Example 12 The suitability of the products according to the invention for complex formation and for use in the extraction of heavy metal ions from aqueous solutions Proven as follows: From uranyl nitrate hexahydrate, sulfuric acid and distilled Water an acidic solution was prepared, which with respect to uranion O, OCmolar and was 0.05 molar with respect to sulfuric acid. 1.93 g of that prepared according to Example 3 Product were dissolved in so much purified kerosene that a solution of 100 ccm was created.

Equal volumes of these two solutions were made for 10 minutes in shaken in a separatory funnel and then set aside for separation. It came into being an aqueous and an organic layer. The partition coefficient for in the The uranyl ion containing organic and aqueous phase was 220.

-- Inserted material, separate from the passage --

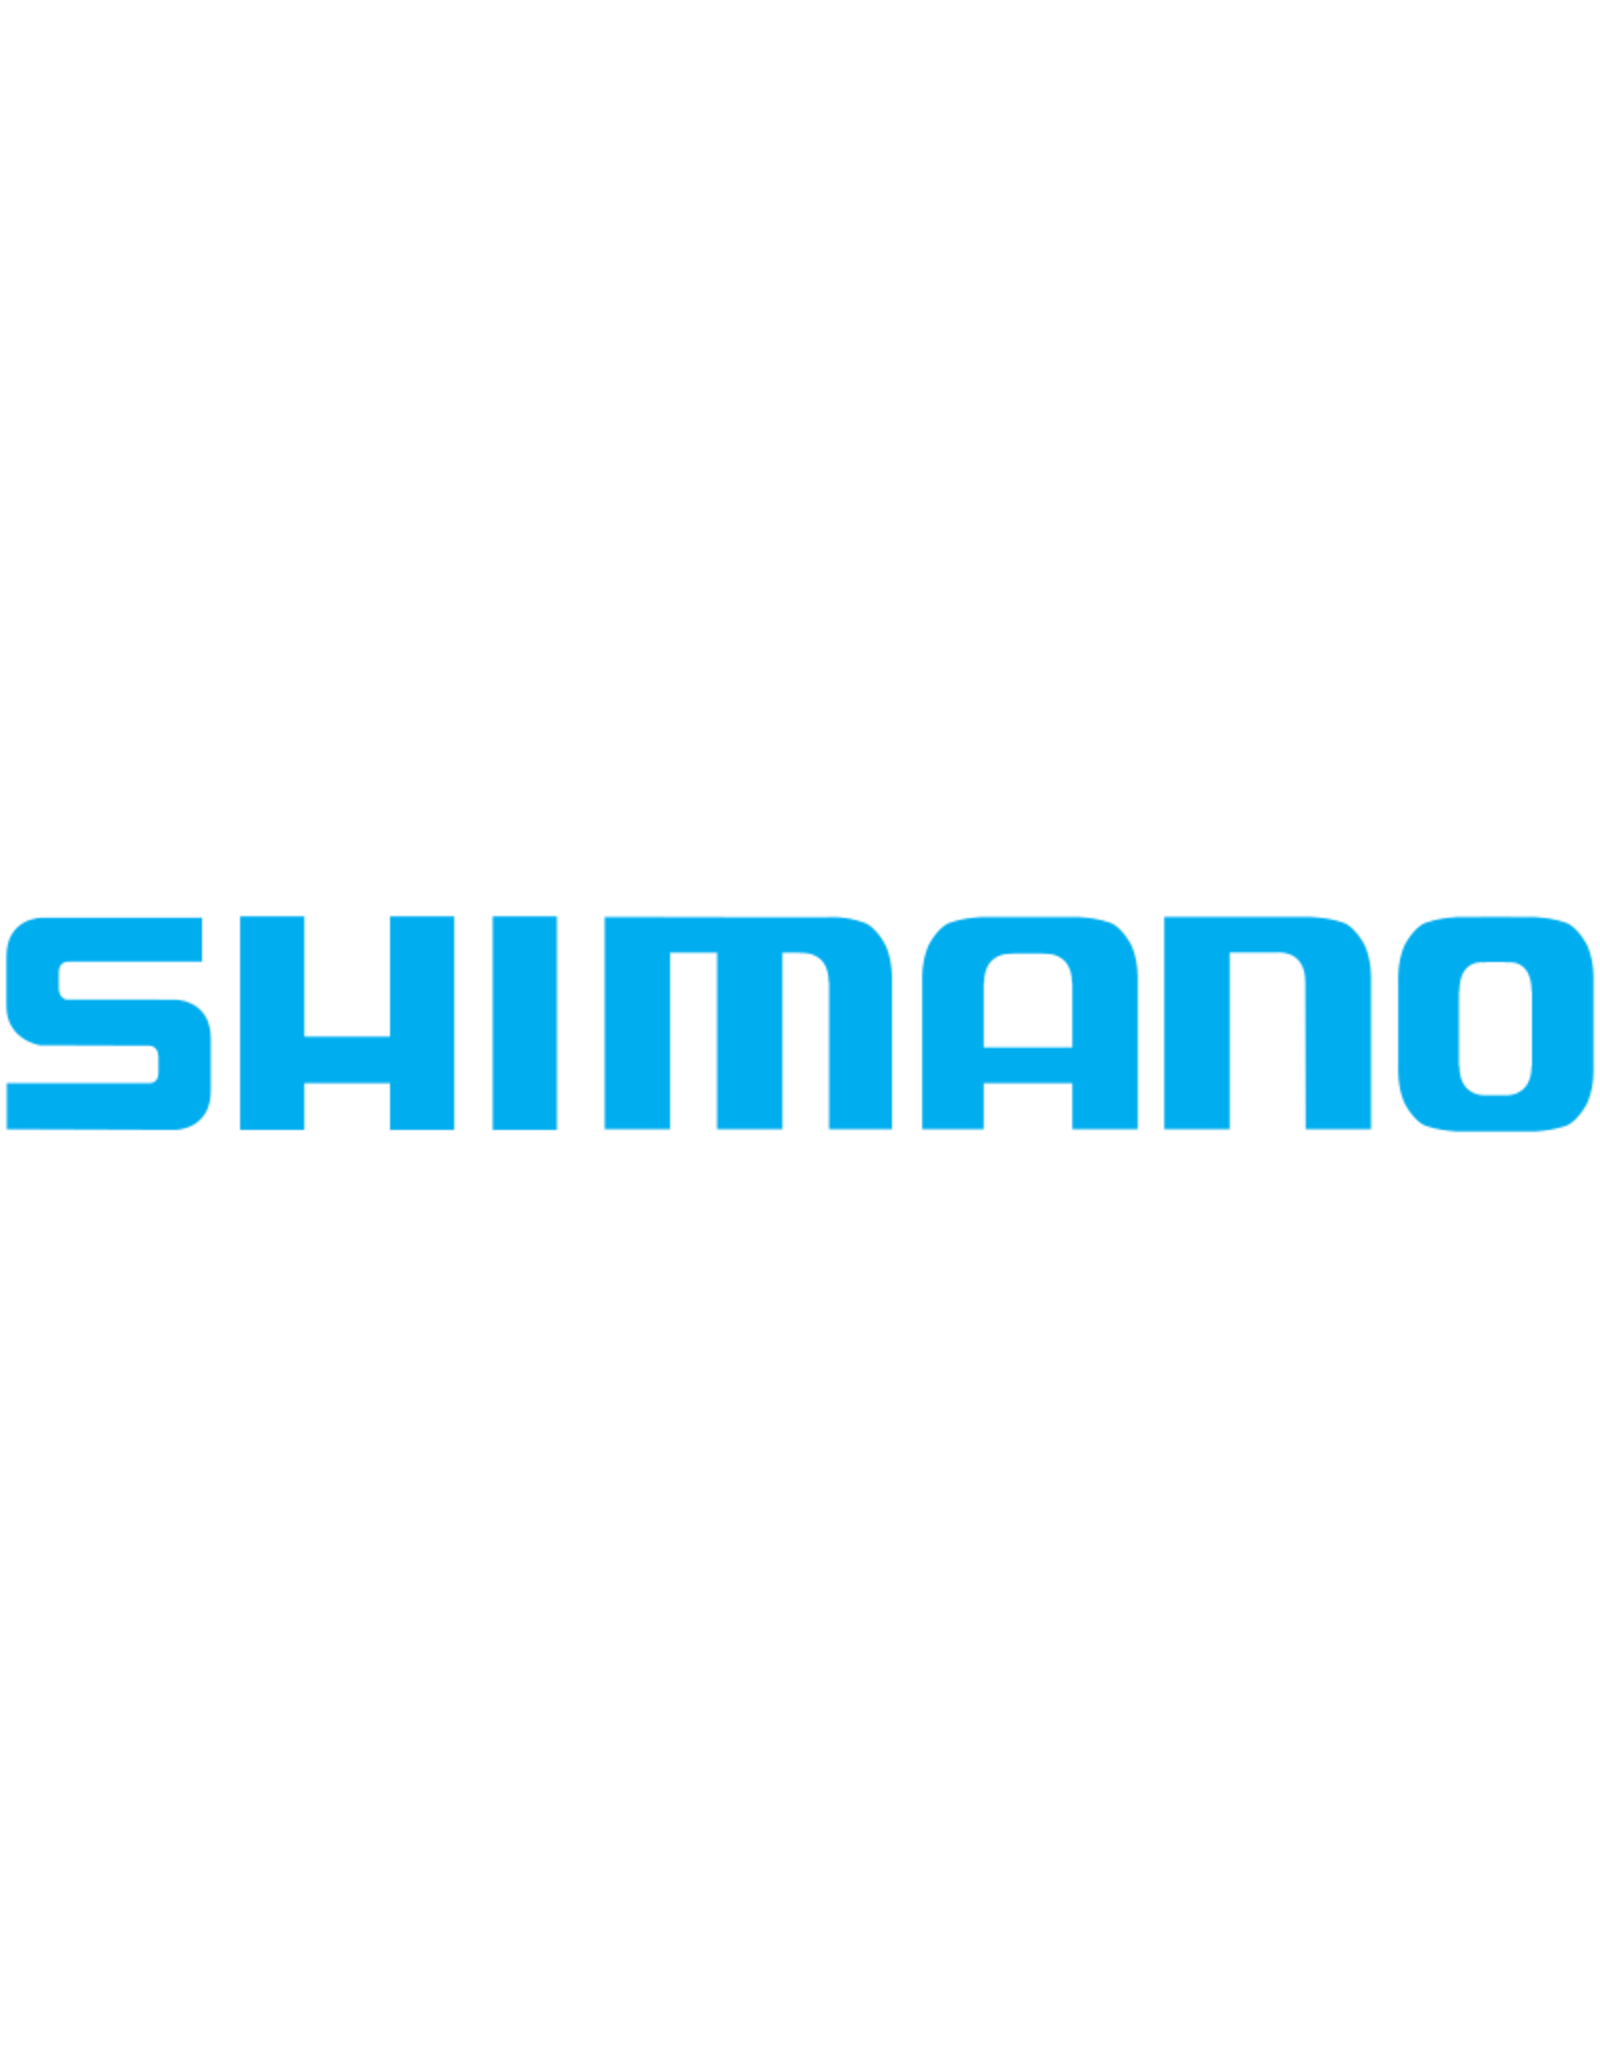 Shimano RD16148  HANDLE ASSEMBLY

Example 13 Using a medium viscosity mineral oil and of a heavy mineral oil, extreme pressure lubrication tests were carried out with a four-ball apparatus carried out. If the oils 1 percent by weight of that prepared according to Example 2 Product was added, so was the load capacity determined by the seizure load 4 to 9 times higher than without such an addition.

Claims (6)

Claims: 1. Process for the preparation of mixtures of Phosphoric acid esters, in which the statistically calculated oxidation level of phosphorus is between 3.5 and 4.5, characterized in that one has an alcohol with white phosphorus and oxygen or an oxygen-containing gas in the presence an inert solvent at temperatures between 0 and 45C. 2. The method according to claim 1, characterized in that a ratio of 1 gram atom of phosphorus to 1 mole of alcohol is applied. 3. The method according to claim 1 or 2, characterized in that as a solvent, a lower alkyl ester radical, preferably ethyl acetate, such as ethyl acetate and butyl acetate is used. 4. The method according to claim 1 to 3, characterized in that the Phosphorus is used as a suspension in the inert solvent. 5. The method according to claim 1 to 4, characterized in that the Alcohol is gradually added during the reaction. 6. The method according to claim 1 to 5, characterized in that the Reaction at temperatures between 25 and 350 C is carried out.